Andrea James

Alec Mapa, Outfest Fusion Achievement Award 2014 Honoree

March 15, 2014, Egyptian Theatre, Hollywood. Presented by Sandra Oh.

ALEC’S PREPARED REMARKS

Thank you Sandra Oh, my childhood friend.

Ok, that clip reel was scarier than my facebook anniversary video. I didn’t know facebook was going to post those and I saw mine in the middle of the night and I was literally like “Holy shit. Did I die? Is this what they’re playing at my funeral? Did I really live my entire life on facebook? That’s so sad!”

First things first, none of us would be here this evening without the hard work of our director Andrea James and her producing partner, my husband Jamie Hebert. Girls marry a producer. They’ve worked tirelessly taking this from a kickstarter pitch to tonight and on the way assembled a brilliant group of technicians to make it all possible. Ian MacGlocklin our DP, Patty Cornell and Erika Sellin who ran the show, Marc Jackson who wrote the music and Bryan Lukasik who ushered all of us through post . And of course everyone who funded us through kickstarter.

Thank you OutFest for this career achievement award. Marc Cherry who’s here tonight and one of our producers once said that my career only existed because of sheer force of will so I think I’m getting this award for being stubborn, for lasting this long. I mean the Cosby Show was 25 years ago so it’s pretty clear at this point, you can’t kill me with a stick. I’ve been an actor for thirty years, and sometimes I feel like I’ve worked for two of them, but the truth is I’ve always been working. I’ve always been working because I’ve always been telling my own story. And here’s why.

27 years ago, I was in Washington DC for the first unveiling of the AIDS memorial quilt. It had 1,290 panels and each one memorialized a person who died from AIDS. And as I walked among the quilt you could see entire life stories in each and every panel. You could see that this person was a dancer, or an artist, or a devoted wife and mother. I was looking at a panel of someone who had clearly been a drag queen because his panel was crammed with more sequins and glitter than you could possibly imagine, I mean it looked like Liberace had thrown up. And you could see from the care and detail devoted to this panel that this person was deeply missed and deeply ,deeply loved. And I said out loud to the stranger next to me “Why do they hate us so much?” and he said “They don’t know us.”
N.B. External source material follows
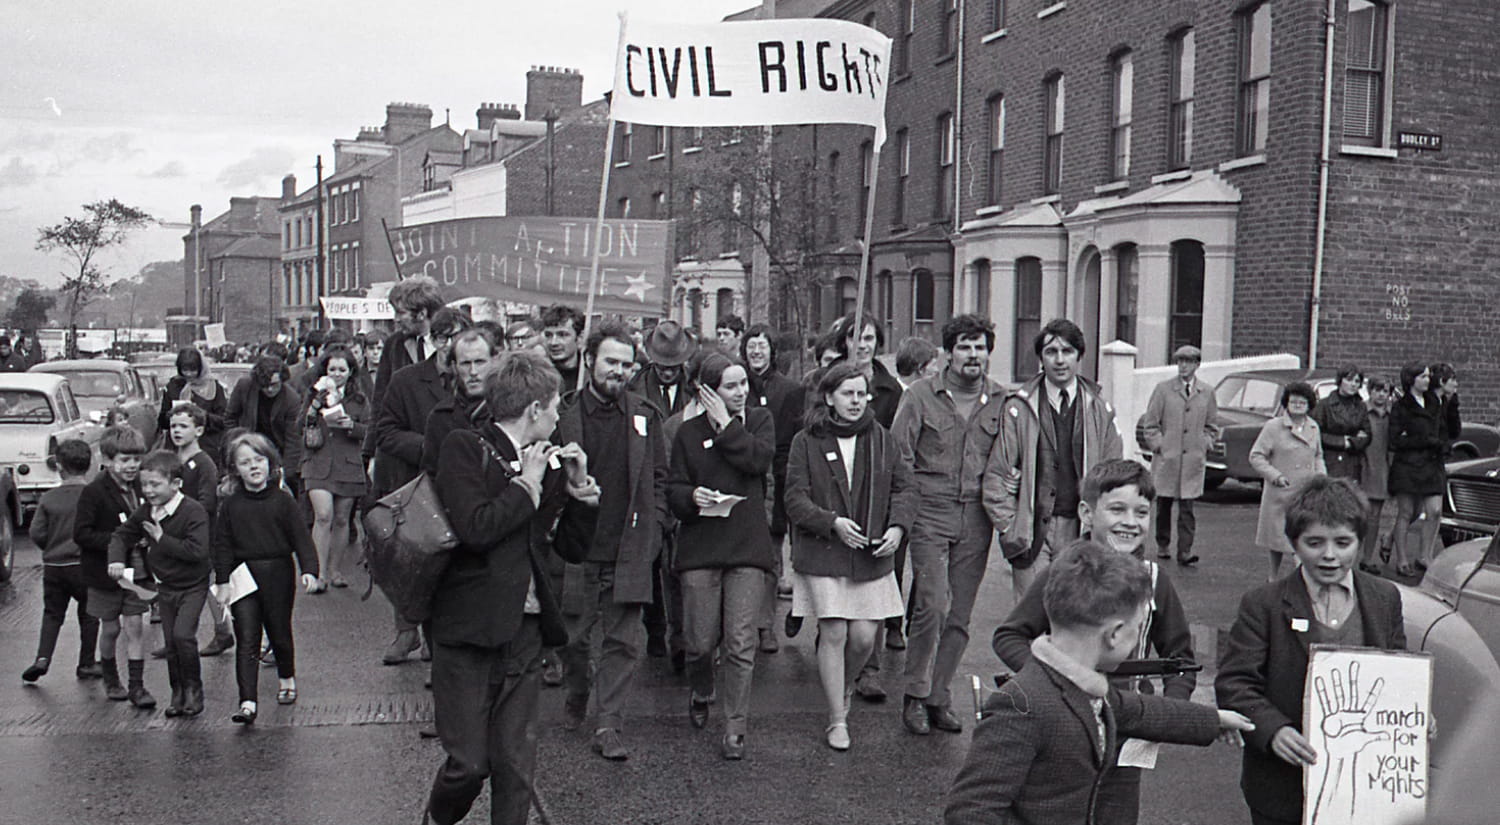 Kevin Boyle (with goatee beard) leads an early civil rights march, Belfast, October 1968.

And at the time it did seem like no one knew about us, that we were very much this shadow minority and that our stories outside of our friends and family, outside of this quilt simply weren’t being told.
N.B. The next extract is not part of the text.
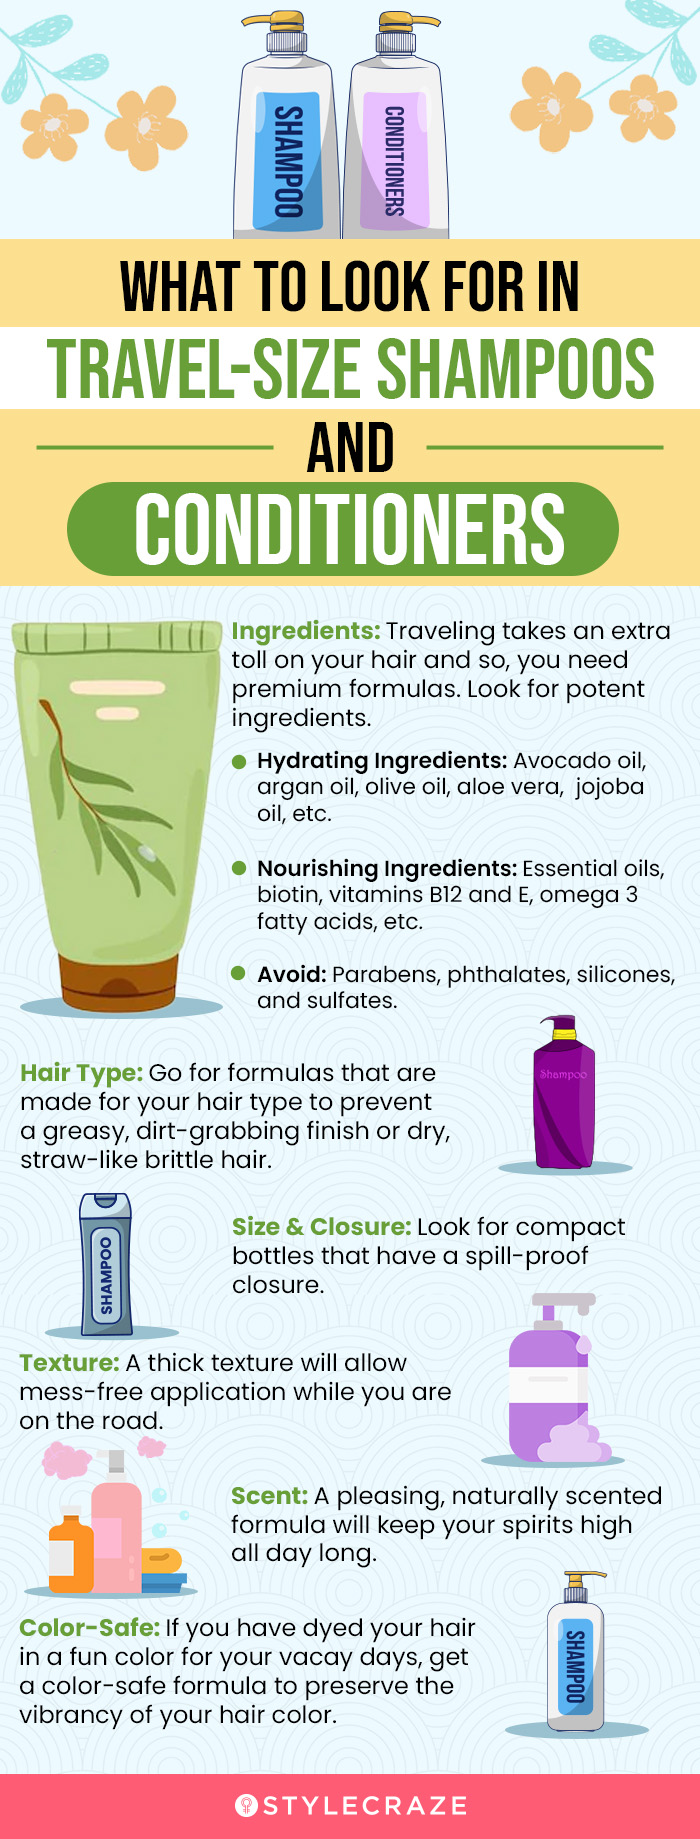 What To Look For In Travel-Size Shampoos And Conditioners [infographic]

I once read that it takes audacity to put yourself center stage, but I think the truth is it takes audacity NOT to put yourself center stage. Each of us has a story that’s absolutely unique to us. Stories of heartbreak and triumph, perspective and experiences on what it’s like to be a human being on this planet, And THAT story is valuable, because it brings people together, it opens enormous reserves of compassion and empathy in all of us, because we’re all going through it. To hear an entire audience laugh and cry about the same things proves there’s a collective experience, that we’re not going through this alone. And if you don’t tell that story, it’s lost forever. So if you’re a film maker, a writer, a dancer or an artist, share your story share your truth, people are longing for it. And if your story has fart jokes, even better.

So thank you for recognizing my work and most importantly I’d like to thank my son Zion for making me and my husband a family and giving me the best possible story to tell. Thank you.